The lines from the one containing "Bad pun Kristen Stewart 2 |" through the final line of the data below must be written out exactly, both included, and nothing more.
• • •
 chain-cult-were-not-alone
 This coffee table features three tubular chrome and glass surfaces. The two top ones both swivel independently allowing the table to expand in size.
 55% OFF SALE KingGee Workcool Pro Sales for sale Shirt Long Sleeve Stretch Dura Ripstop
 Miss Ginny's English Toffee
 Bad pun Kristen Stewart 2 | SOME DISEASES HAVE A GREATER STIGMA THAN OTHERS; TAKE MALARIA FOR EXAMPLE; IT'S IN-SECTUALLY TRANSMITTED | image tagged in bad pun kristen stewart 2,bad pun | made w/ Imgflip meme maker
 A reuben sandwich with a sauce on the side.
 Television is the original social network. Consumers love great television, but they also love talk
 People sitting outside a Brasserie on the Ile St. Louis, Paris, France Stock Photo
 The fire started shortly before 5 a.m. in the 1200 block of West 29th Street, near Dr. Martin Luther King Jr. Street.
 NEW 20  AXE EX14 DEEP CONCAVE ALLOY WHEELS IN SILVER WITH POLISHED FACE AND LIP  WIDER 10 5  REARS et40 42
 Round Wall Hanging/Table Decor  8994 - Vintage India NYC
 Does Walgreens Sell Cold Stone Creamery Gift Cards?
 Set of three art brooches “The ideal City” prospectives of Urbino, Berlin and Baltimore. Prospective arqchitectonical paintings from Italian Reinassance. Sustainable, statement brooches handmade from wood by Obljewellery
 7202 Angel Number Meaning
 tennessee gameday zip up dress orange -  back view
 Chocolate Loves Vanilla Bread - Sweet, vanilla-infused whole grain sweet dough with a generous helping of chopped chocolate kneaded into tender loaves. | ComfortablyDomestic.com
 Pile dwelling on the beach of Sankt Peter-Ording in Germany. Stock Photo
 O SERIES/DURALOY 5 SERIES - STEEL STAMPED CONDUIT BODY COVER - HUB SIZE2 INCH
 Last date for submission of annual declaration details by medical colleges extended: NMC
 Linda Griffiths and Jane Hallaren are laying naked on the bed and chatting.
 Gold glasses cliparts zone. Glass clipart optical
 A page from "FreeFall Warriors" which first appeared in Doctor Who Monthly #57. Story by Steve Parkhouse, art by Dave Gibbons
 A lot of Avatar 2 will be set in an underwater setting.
• • •
§ **Solved exercise**:
 Bad pun Kristen Stewart 2 | SOME DISEASES HAVE A GREATER STIGMA THAN OTHERS; TAKE MALARIA FOR EXAMPLE; IT'S IN-SECTUALLY TRANSMITTED | image tagged in bad pun kristen stewart 2,bad pun | made w/ Imgflip meme maker
 A reuben sandwich with a sauce on the side.
 Television is the original social network. Consumers love great television, but they also love talk
 People sitting outside a Brasserie on the Ile St. Louis, Paris, France Stock Photo
 The fire started shortly before 5 a.m. in the 1200 block of West 29th Street, near Dr. Martin Luther King Jr. Street.
 NEW 20  AXE EX14 DEEP CONCAVE ALLOY WHEELS IN SILVER WITH POLISHED FACE AND LIP  WIDER 10 5  REARS et40 42
 Round Wall Hanging/Table Decor  8994 - Vintage India NYC
 Does Walgreens Sell Cold Stone Creamery Gift Cards?
 Set of three art brooches “The ideal City” prospectives of Urbino, Berlin and Baltimore. Prospective arqchitectonical paintings from Italian Reinassance. Sustainable, statement brooches handmade from wood by Obljewellery
 7202 Angel Number Meaning
 tennessee gameday zip up dress orange -  back view
 Chocolate Loves Vanilla Bread - Sweet, vanilla-infused whole grain sweet dough with a generous helping of chopped chocolate kneaded into tender loaves. | ComfortablyDomestic.com
 Pile dwelling on the beach of Sankt Peter-Ording in Germany. Stock Photo
 O SERIES/DURALOY 5 SERIES - STEEL STAMPED CONDUIT BODY COVER - HUB SIZE2 INCH
 Last date for submission of annual declaration details by medical colleges extended: NMC
 Linda Griffiths and Jane Hallaren are laying naked on the bed and chatting.
 Gold glasses cliparts zone. Glass clipart optical
 A page from "FreeFall Warriors" which first appeared in Doctor Who Monthly #57. Story by Steve Parkhouse, art by Dave Gibbons
 A lot of Avatar 2 will be set in an underwater setting.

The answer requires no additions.